Somalia's coastline consists of the Gulf of Aden to the north, the Guardafui Channel to the northeast and the Indian Ocean to the east. The total length of the coastline is approximately 3333 km, giving the country the longest coastline on mainland Africa. The country has second-longest coastline in all of Africa, behind the island nation of Madagascar (4828 km). 
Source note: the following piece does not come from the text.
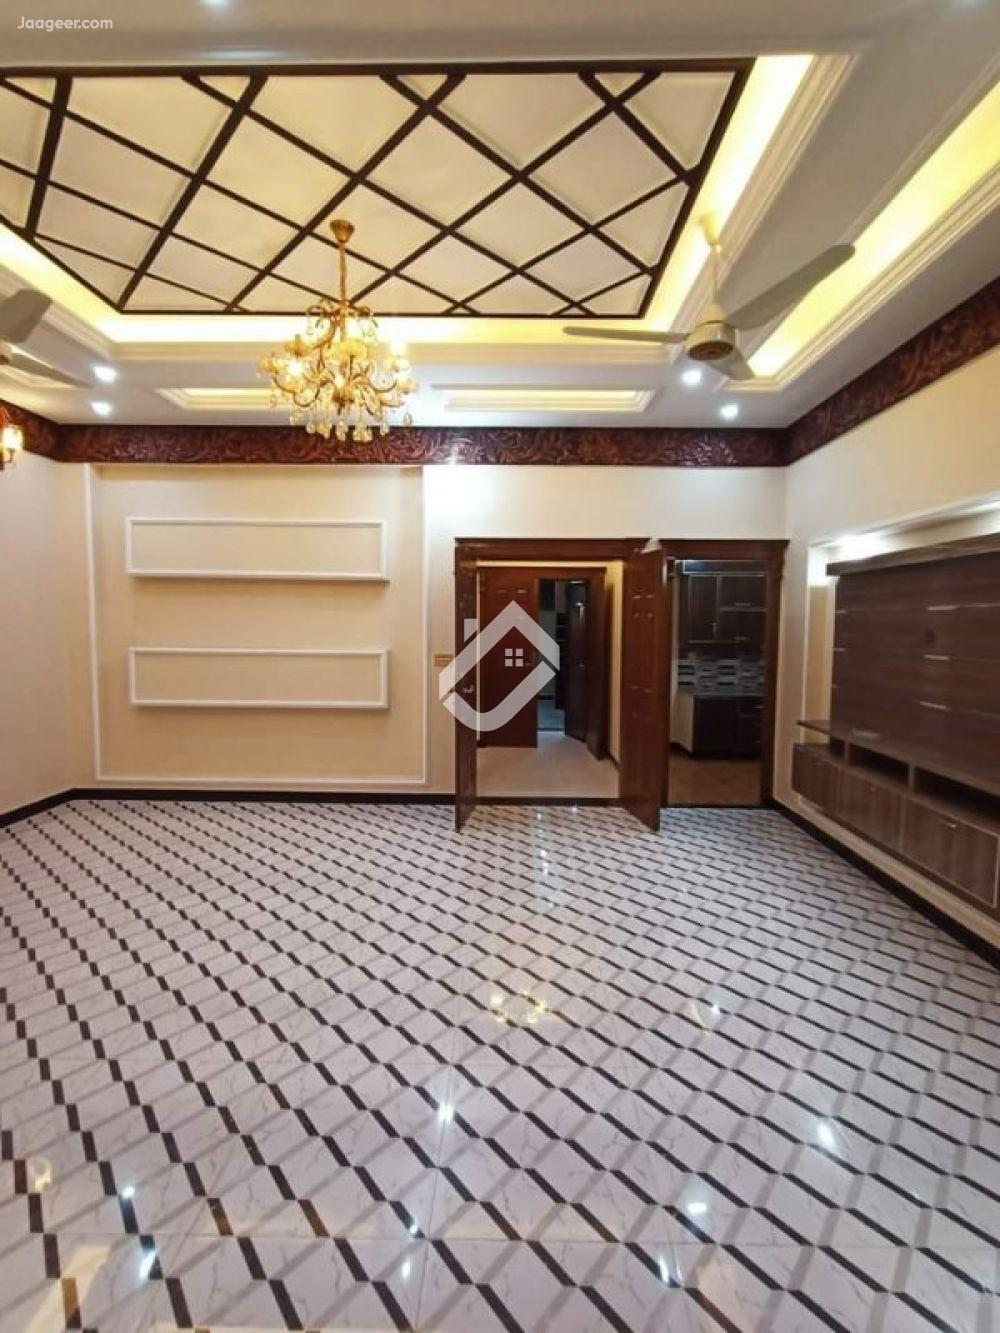 View  10 Marla Double Storey House For Sale In Gulberg Town in Gulberg Town, Sheikhupura

The coastline is generally divided into two parts, northern and eastern coastlines, separated by the tip of the Horn of Africa known as Cape Guardafui. The city of Mogadishu, the capital of Somalia is situated in the south of the country along the eastern coastline of Somalia. The northern coastline is shared with the Gulf of Aden, the northeastern with Guardafui Channel, and the eastern with the Indian Ocean. The coastline plays a major role in maintaining the economy of the country through fishing and trade; meanwhile, other areas of the economy are not very productive. The northern tip of the coastline meets Djibouti in west and the eastern tip meets Kenya in the south. There are a number of islands near the coastal areas. Ras Caseyr (Cape Guardafui) is the easternmost point of Somalia; this point joins the Guardafui Channel to the Gulf of Aden.

Geographical features
The coastline of Somalia has different conditions throughout its length. Being the second-longest in Africa, this coastline is the easternmost coastline of continental Africa, comprises part of the north-western coastline of the Indian Ocean, and is the nearest coastline to the Socotra Islands, which are part of Yemen. Its continental shelf is spread over 32500 km2. The northern coastline extends from Djibouti to the east of Somalia, and the eastern coastline extends from the north-east to the south-west of Somalia, touching Kenya.